Belgium vs. Switzerland

Of course not all the match-ups this weekend are so fraught with historical undertones, but everyone still has parts to play. The traditionally neutral Swiss are likely to remain typically unbiased this weekend, event as they should be mounting a defense of their first ever Davis Cup title. Roger Federer decided to sit out the 2015 season, while fellow top-tenner Stan Wawrinka, who's also skipping this weekend's action, has yet to decide whether he'll play later in the year. That leaves a host of relative unknowns to make any kind of stand for Switzerland -- the highest ranked player is #292 Yann Marti. That could give Belgian's comeback kid David Goffin an opportunity to make up for some recently lackluster results -- he's lost twice in a row to veteran Marcos Baghdatis and has only gotten past the second round of one event this year. Even Steve Darcis, who notched his biggest career win over Rafael Nadal at Wimbledon two years ago, could step up to the plate and notch a couple wins off the Challengers' circuit this year.
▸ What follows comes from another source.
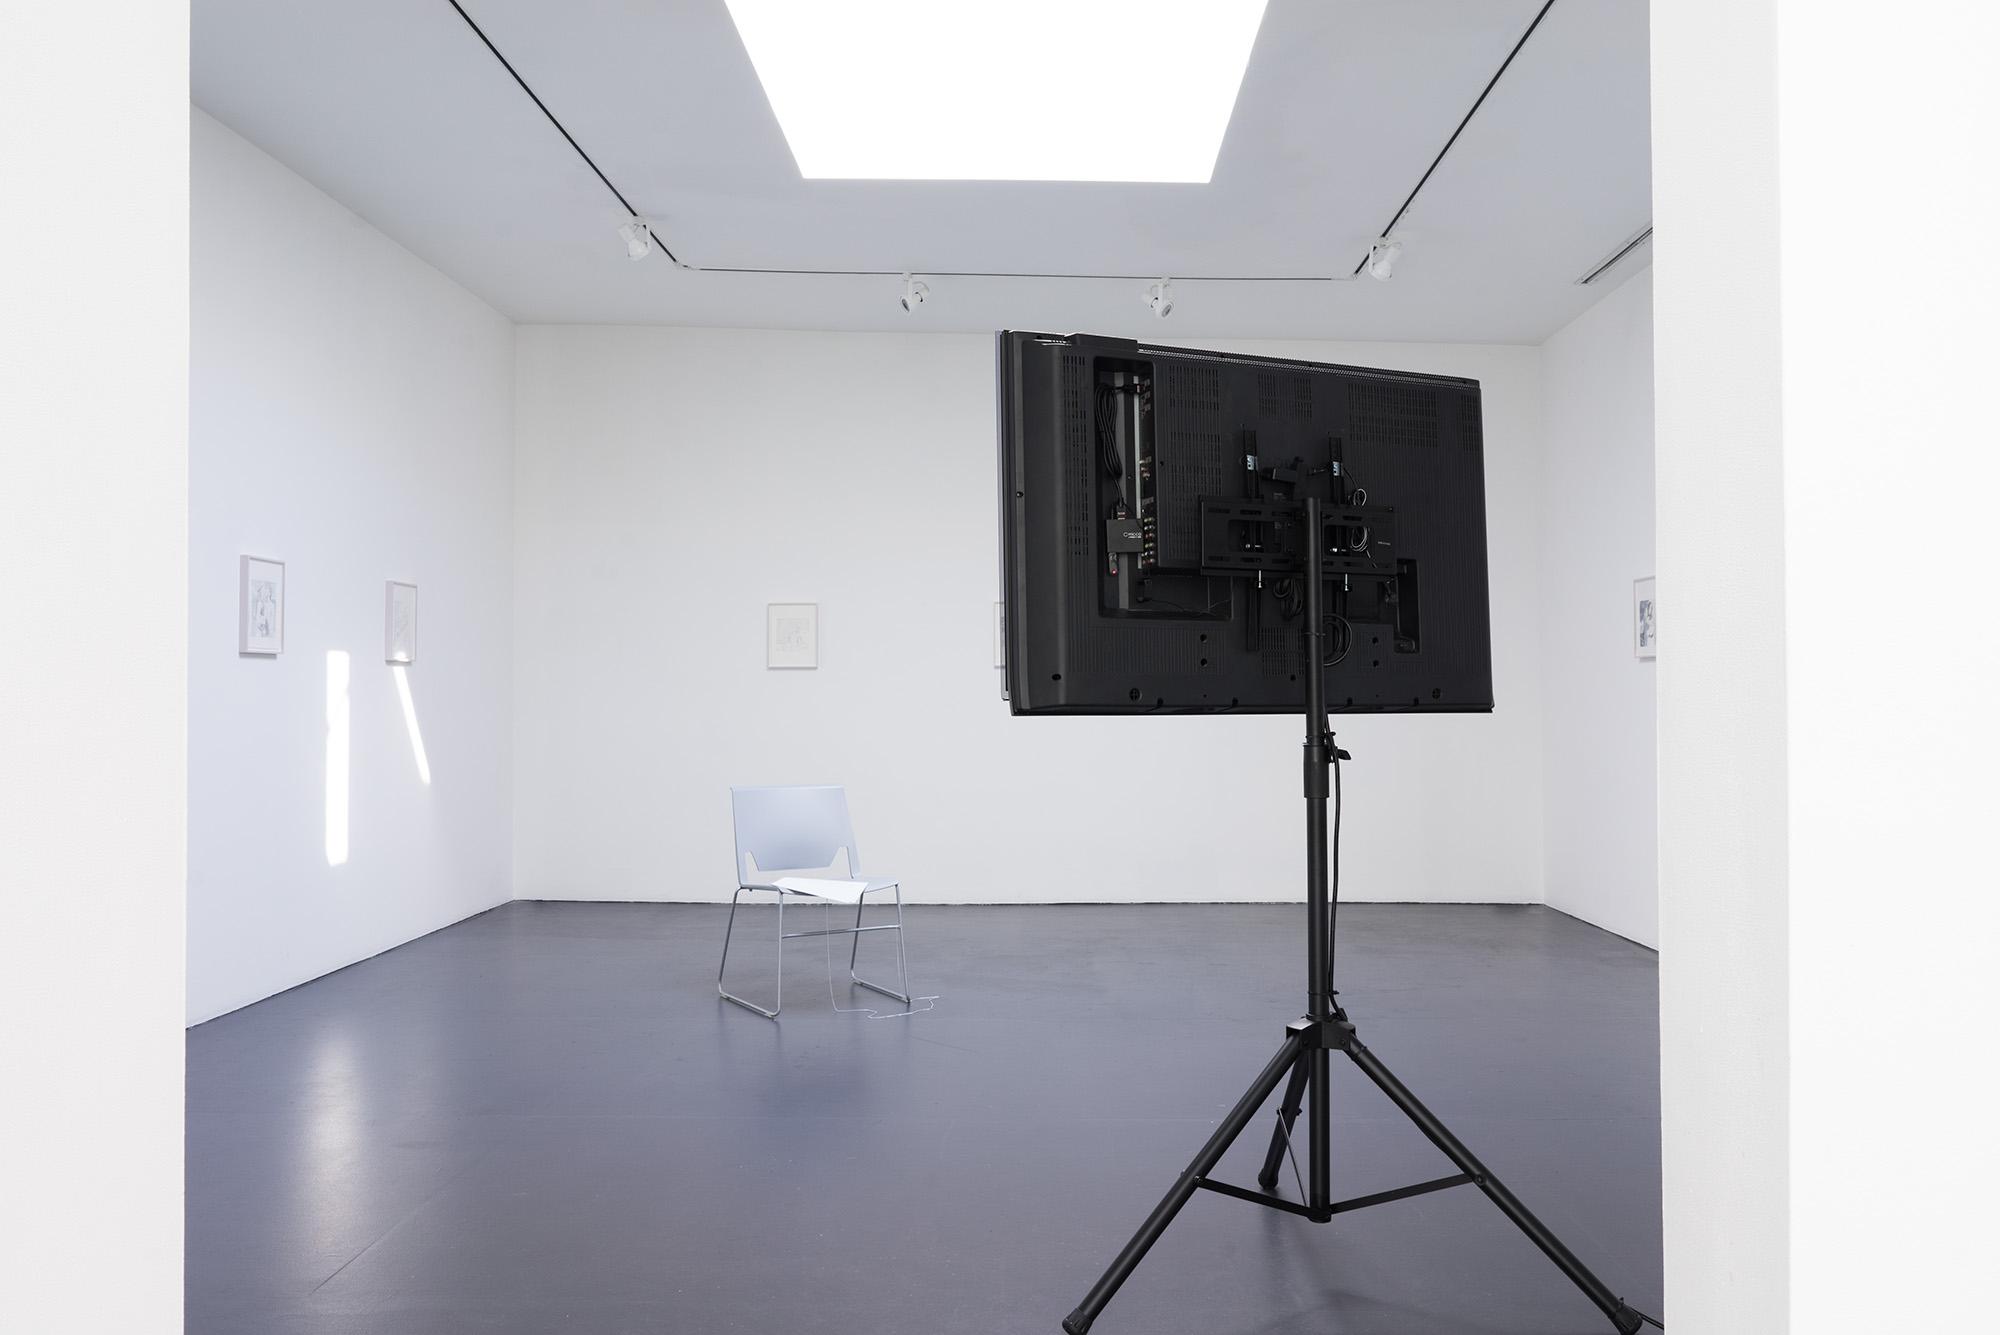 Installation view,  More than what I am providing , Friedemann Heckel & Luzie Meyer

Czech Republic vs. Australia

Meanwhile the Czechs will try to reclaim the crown they ceded to the Swiss last year, but they too might have a bit of trouble. While rising star Jiri Vesely and one-time giant killer Lukas Rosol could certainly deliver, they are without their biggest stars, Melbourne semifinalist Tomas Berdych and doubles specialist Radek Stepanek. And the men from Down Under could take advantage of those holes -- players like Sam Groth and a resurgent Bernard Tomic have been rallying of late. And while veteran Lleyton Hewitt is far from his career highs, he's more than proven he can never be counted out. With a little more star power on the Aussies' side, they could stop the Czech's comeback cold.

Canada vs. Japan

We could see some fireworks in the match-up between a couple countries that haven't had a lot of experience in Davis Cup. Canada and Japan have combined for just a dozen years in the World Group -- but in this rematch of last year's first round they're both out to prove they belong. Kei Nishikori climbed to a career high #4 in the world after reaching the final in Acapulco and is coming off what's easily been the most prolific twelve months of his career. He'll be joined by Tatsumo Ito, who beat Stan Wawrinka last year in Tokyo and might be primed for another upset. The Canadians are slightly more armed, though -- Milos Raonic has always had tough matches against Nishikori, but he won their last meeting in Brisbane in three tight tiebreaks. And he'll have back-up from Vasek Pospisil, a man who's beaten John Isner already this season and made a nice run to the Washington semis last year. He's also an accomplished doubles player and might just be called on, with veteran star Daniel Nestor, to serve as a ringer.

Kazakhstan vs. Italy

And in the final tie being contested this weekend, a relatively inexperienced Kazakh team goes up against the long-time also-rans. The Italians have a lot to be proud of -- Andreas Seppi scored an enormous win over Roger Federer at the Australian Open, Simone Bolelli stunned Milos Raonic in Marseill and recently struggling Fabio Fognini pulled off a huge upset of defending champion Rafael Nadal in Rio. While none of these players is quite at their best, they certainly seem to have a little momentum on their side. There could be some surprises this weekend -- Andrey Golubev did take out Stan Wawrinka last year in Davis Cup and veteran Mikhail Kukushkin has had his moments in the past -- but this is really Italy's battle to lose. And there's no reason they shouldn't live up to expectations.

Whether this weekend's Davis Cup ties rekindle old rivalries or start to flame new ones, there's more than enough potential for some combative contests. And whoever emerges as the victors will have to recover quick -- this is just the beginning of what could be a long, drawn-out war.